Ames moved around to her side of the desk and sat on top of it, knees splayed so that she was eye level with his crotch. He rested his elbows on his knees. “We’re fine, right?”
Sloane
relaxed. They were adults. “Yes, absolutely. We’re fine.”
“No hard feelings?” His eyebrows lifted boyishly. She could imagine, with some distance, she might find him charming again.
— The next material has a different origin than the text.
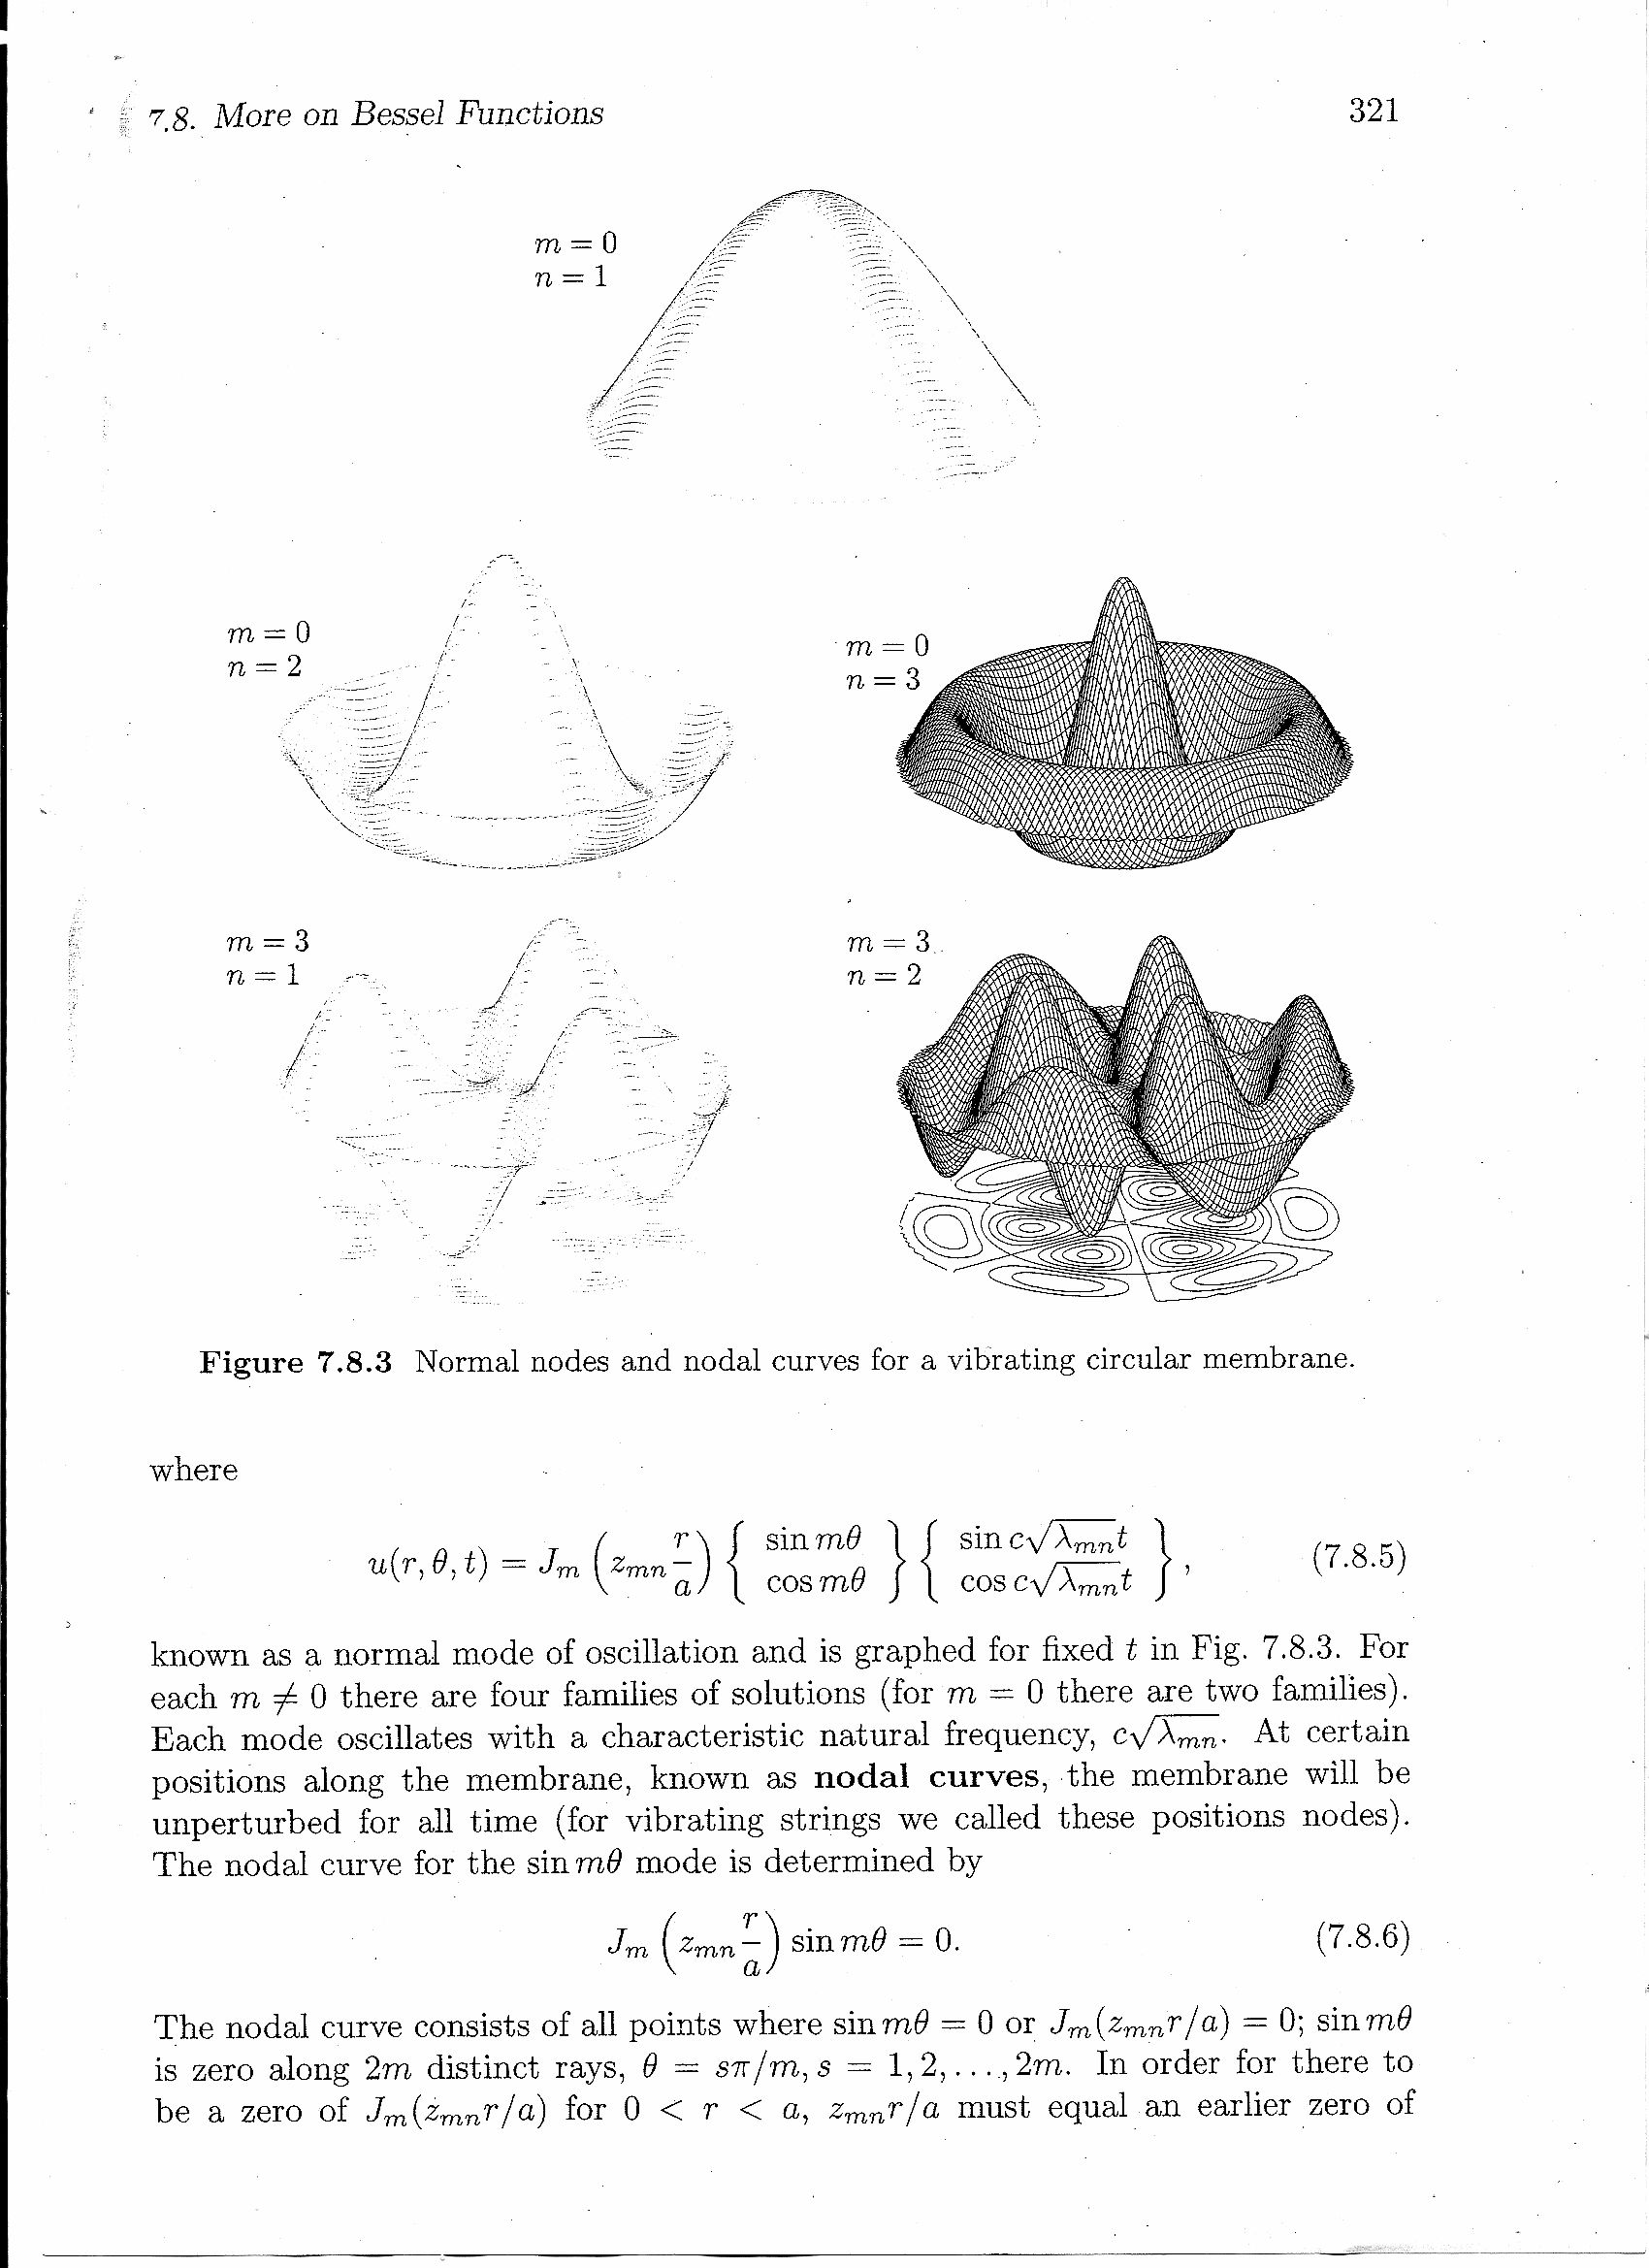 Black and decker instructions manuals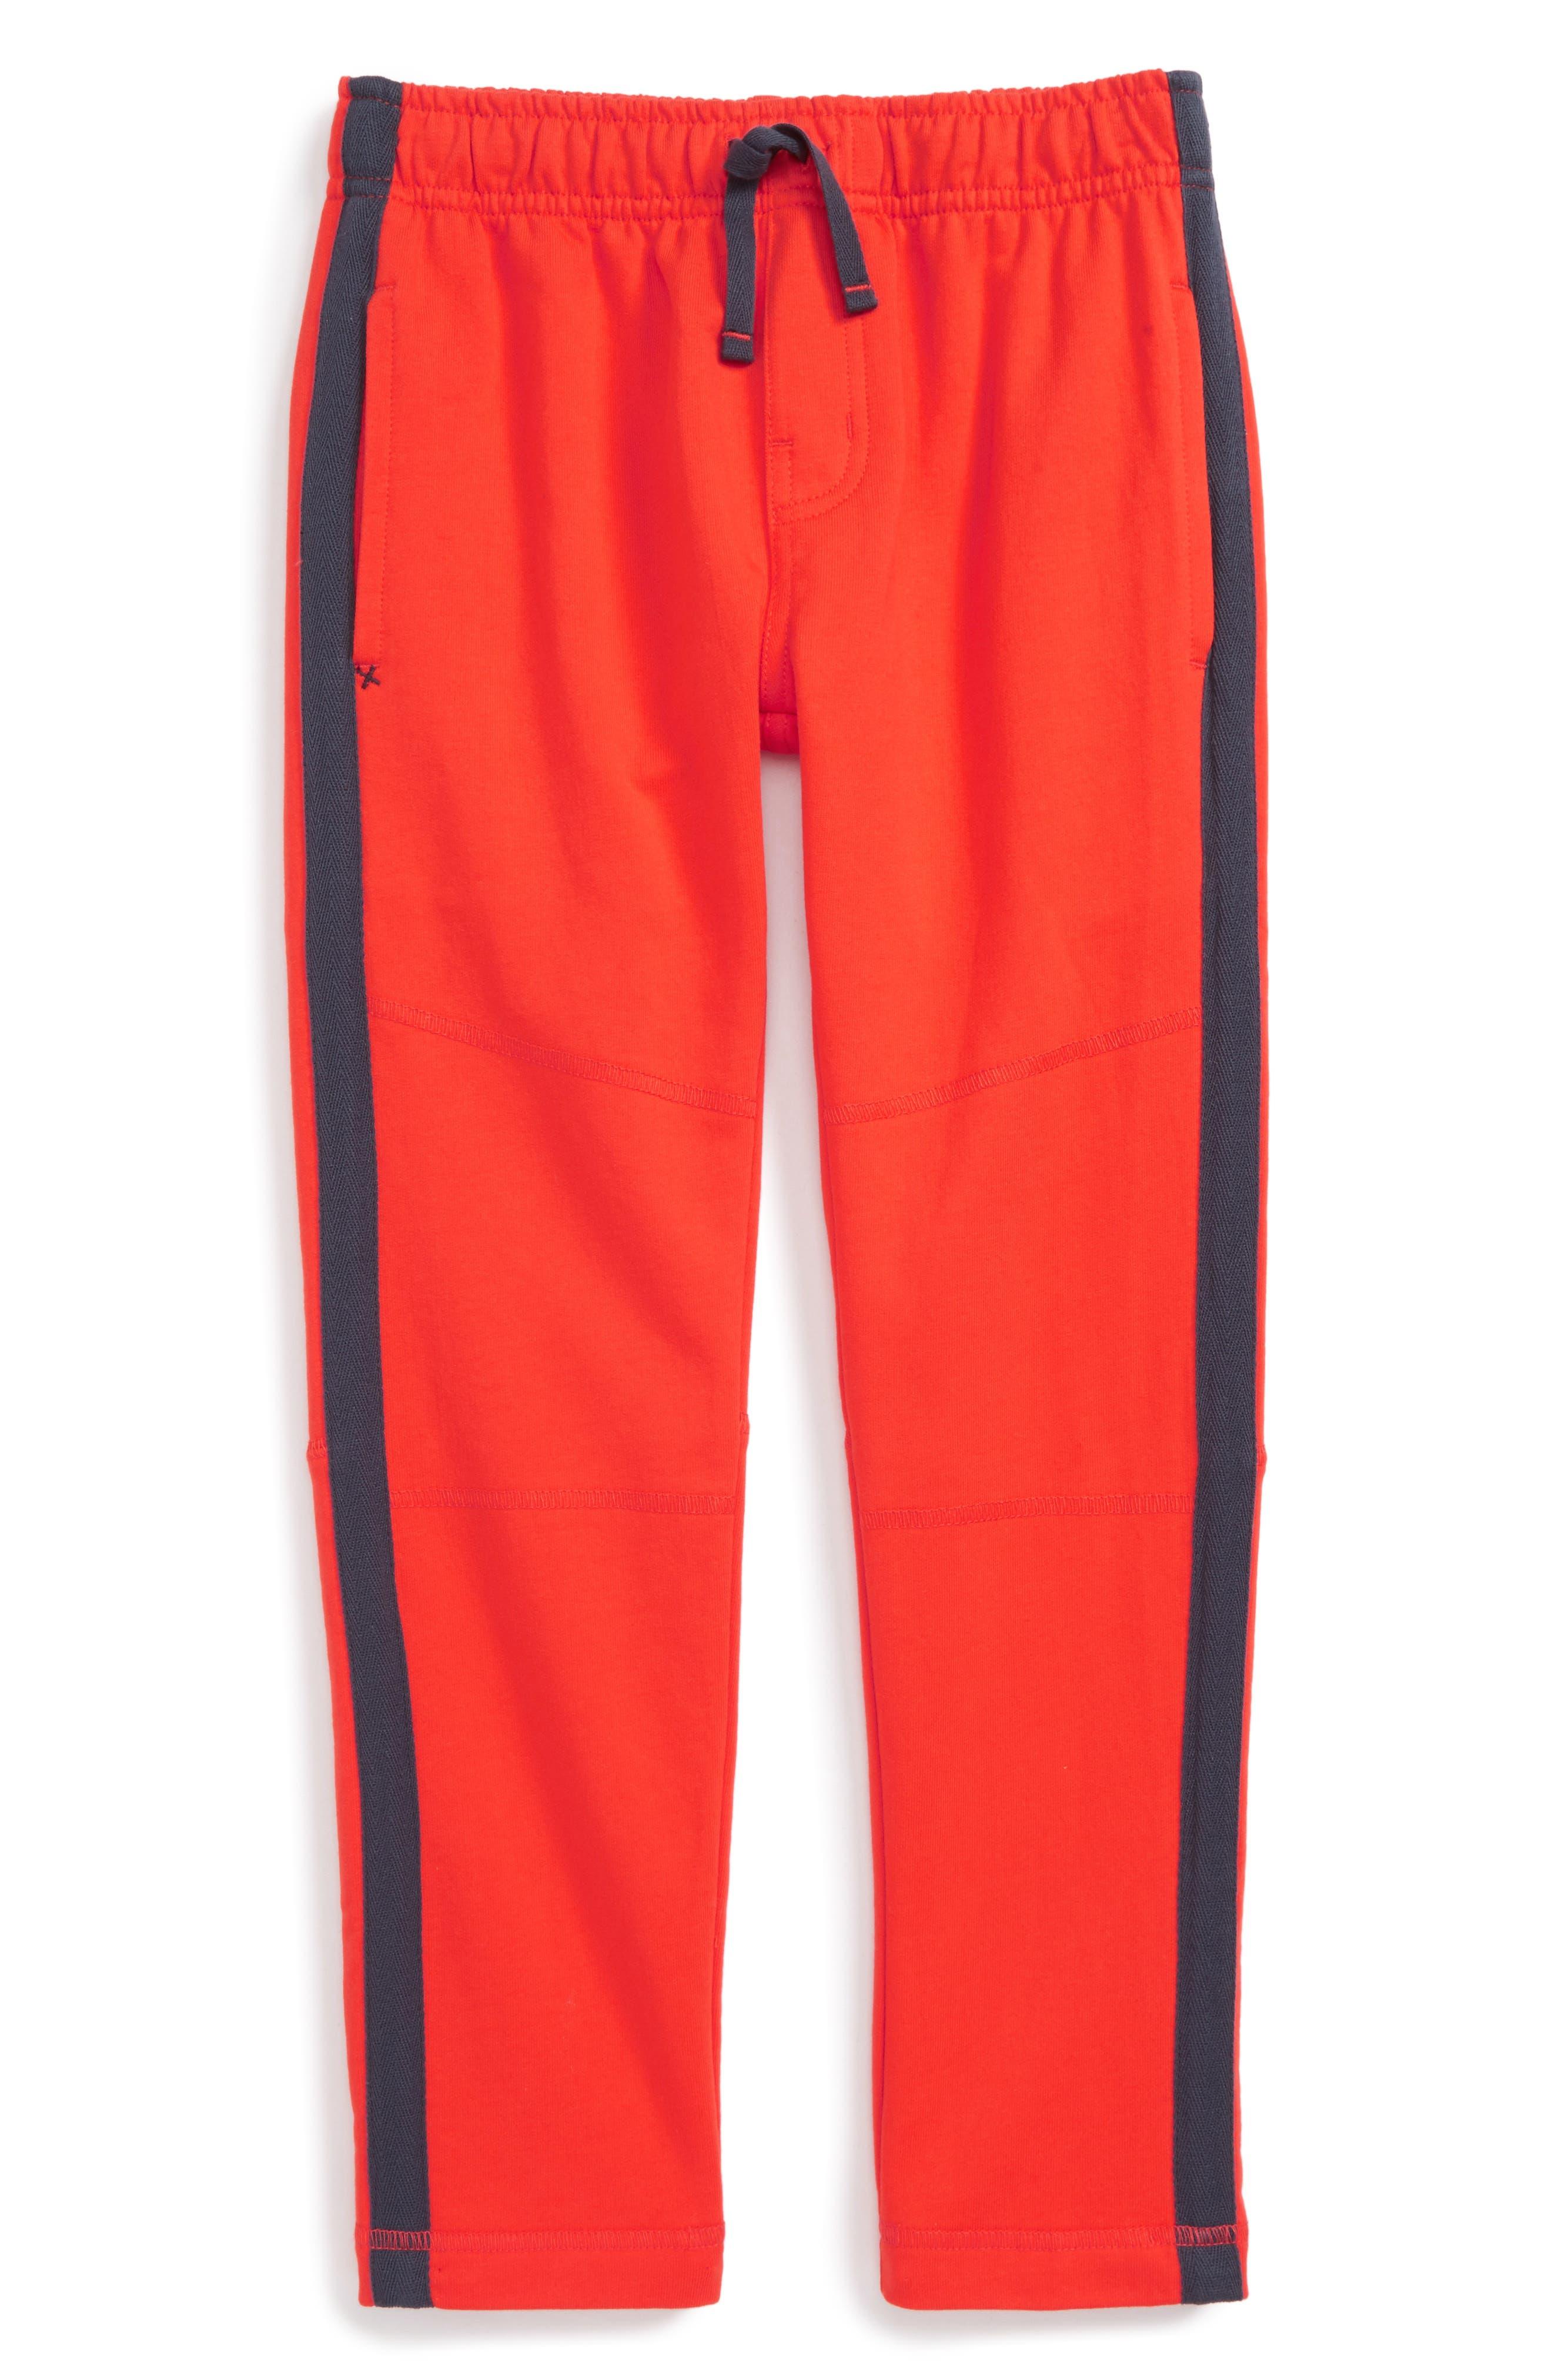 Main Image - Tea Collection Side Stripe Knit Pants (Toddler Boys & Little Boys)

Just not in a way that made her want to kiss him.
“Of course not.” She smiled, wanting to put him at ease. “I just want things to get back to normal.”
His head bobbed up and down, up and down. “Me, too. Me, too. That’s what I want, too.”
And then she blinked and his hand was on her thigh. His mouth on her neck. His fingers tangled in her hair.
She gasped. “I meant—” Her voice was breathy—sexy? God, she hadn’t meant to sound sexy. “Ames,” she said.
He pulled her head back. His lips covered her throat, where her heart pounded at the surface.
“Stop.” This time she knew there was no mistaking what she said or how she said it. His weight pressed down on her thigh. His tie trailed her lap. A wet tongue slipped into the crevice of her ear.
The sound that squeezed from her chest was strangled. In the back of her mind, she remembered that she was at work. At the office. Don’t make a scene.
Sloane used the force of her legs to shove the chair back. The lace trim of her skirt ripped at the hem releasing the sickening noise of a small laceration in the fabric as it split. But Sloane freed just enough distance between their bodies to duck beneath his arm. She didn’t look back as she swung open the door to his office. She didn’t have to. She already knew what he looked like with ruffled hair.
The path from Ames’s office to Sloane’s was a straight shot and she walked the distance briskly, chin up, eyes trained at her target, as if she were walking the plank with careful dignity. Tears dripped from her eyes.
From down the hallway, Ardie glanced up from a printout, and then did a double take.